The days were hot, too: I'm sure we broke 100 on at least one of them. And the neighbors were up pretty late and up pretty early. And the reservoir was full of motor boats and jet skis.
But not in our neck of the woods. Where we landed, we had a wonderful little inlet that had a few people, but almost zero encounters with fast boaters. We launched our kayak and canoe, toted around a blow-up turtle (as opposed to an exploding turtle), and splashed in the water the first day.
The evening of the second day, my nephew and I took to the woods stumpshooting. For those of you who aren't lucky enough to use a bow and arrow, stumpshooting is when you walk through the forest, slowly and quietly (or not so slowly and a little bit loud, but not screaming and running), and sneak up on and shoot wily critters like pinecones and sticks. Stumps can break arrows, so we don't really shoot at those... I'm guessing the term was coined by wealthier folks than we.
We walked, and talked, and watched the stream higher than I'd ever seen it in July. We vowed we'd return the next day with the whole family. We also had a run-in with a hawk of some kind (it kills me that I don't know what kind of hawk it was) chasing a baby bird, the momma screaming and right on its heels. The three of them went careening through the woods, and we had to duck to avoid being hit - the hawk barely banked to its left, the baby bird to its right. They flew on through the forest, but since we almost instantly heard no more screaming from the momma bird, we figured the baby had gotten away. While neither of us could help feeling relieved, I also explained to my nephew that the hawk may be trying to feed its own little ones. He responded, after some thought, that "it's both good and bad."
The next day, we all trekked back to the stream and swam it. There was a fast current in the middle of a fine pool, and my nephew swam it bravely, (which means with trepidation, but doing it anyway because he felt he should, not because we goaded him - we aren't like that). Other family arrived, and we had a great time at the pool. At one point, a niece fell in the water (she was okay), and our 11-year old dog, Irma, jumped in to save her - a remarkable feat, since she absolutely detests swimming, and the water was cold. If you've never owned a dog, I might venture to say that you've never known pure, unconditional love.

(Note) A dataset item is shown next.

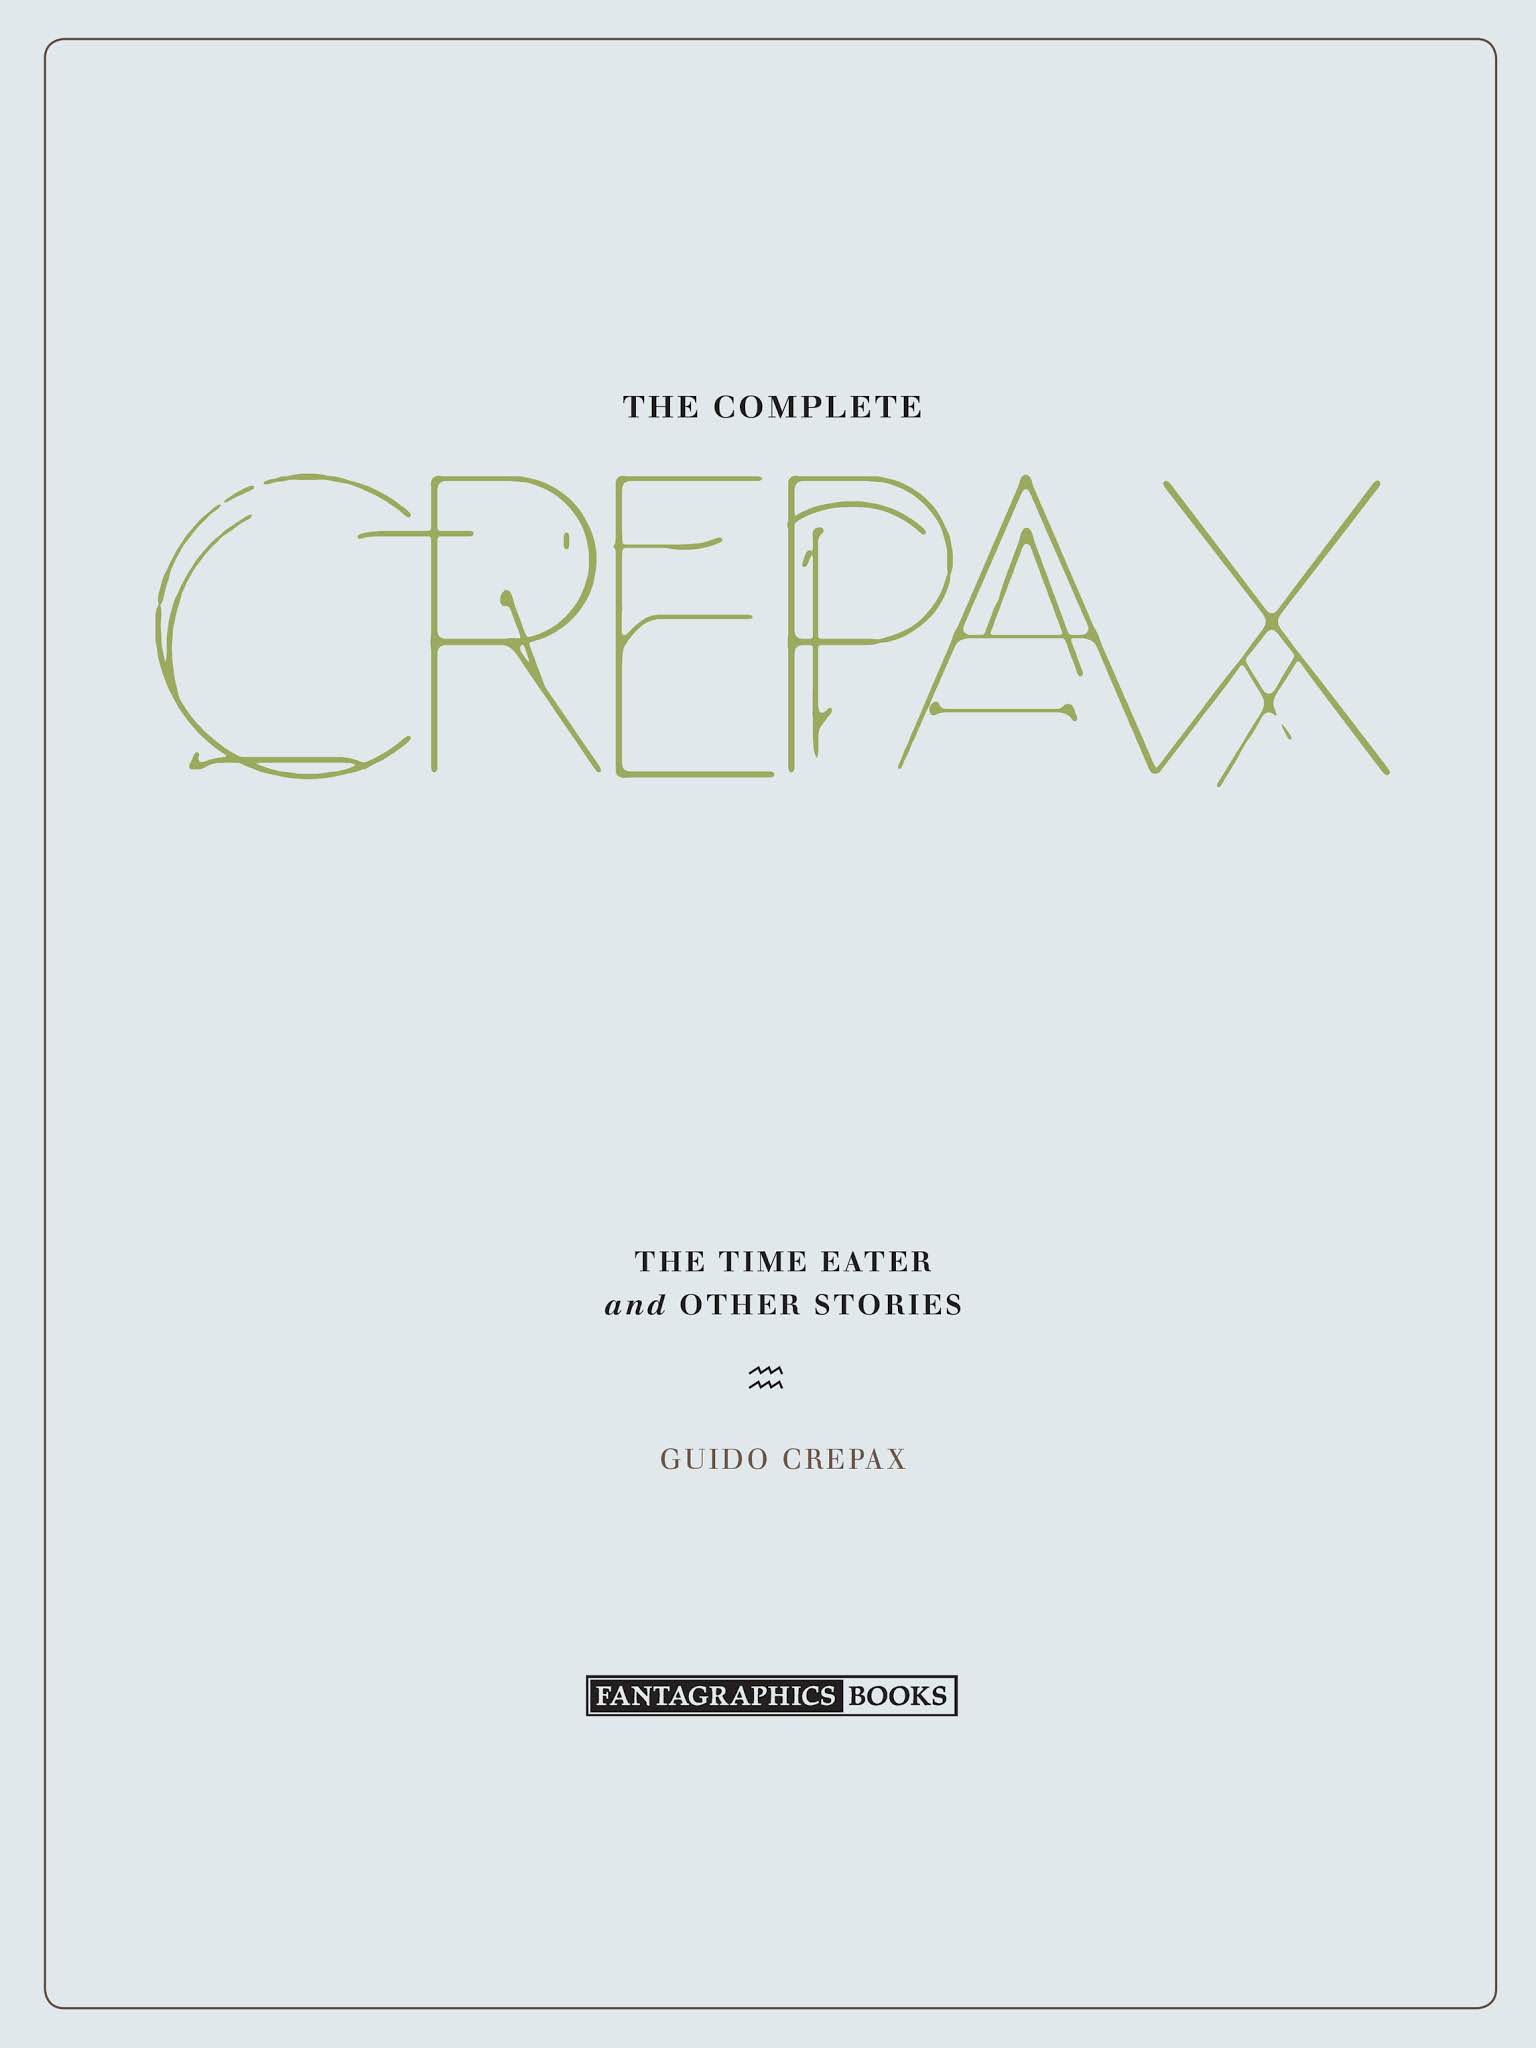 Read online The Complete Crepax comic -  Issue # TPB 2 - 4

The berries weren't ripe. We didn't drop a crawdad trap. We fished maybe ten minutes, tops. No rabbits for the pot. Deer season was a month away. And yet, this was one of the greatest camping trips I've ever had. Loving family was there, there were adventures aplenty, the food was great, and I got to watch my 3-year old daughter show little fear of anything other than boats and band-aids. She climbed up and down rocks all day, she watched bugs, she asked about bird calls (a red-breasted nuthatch).
What an amazing time.
If you ever get a chance to get out with kids into the woods, even if they are a little crowded with other folks, do it - for them, and for you.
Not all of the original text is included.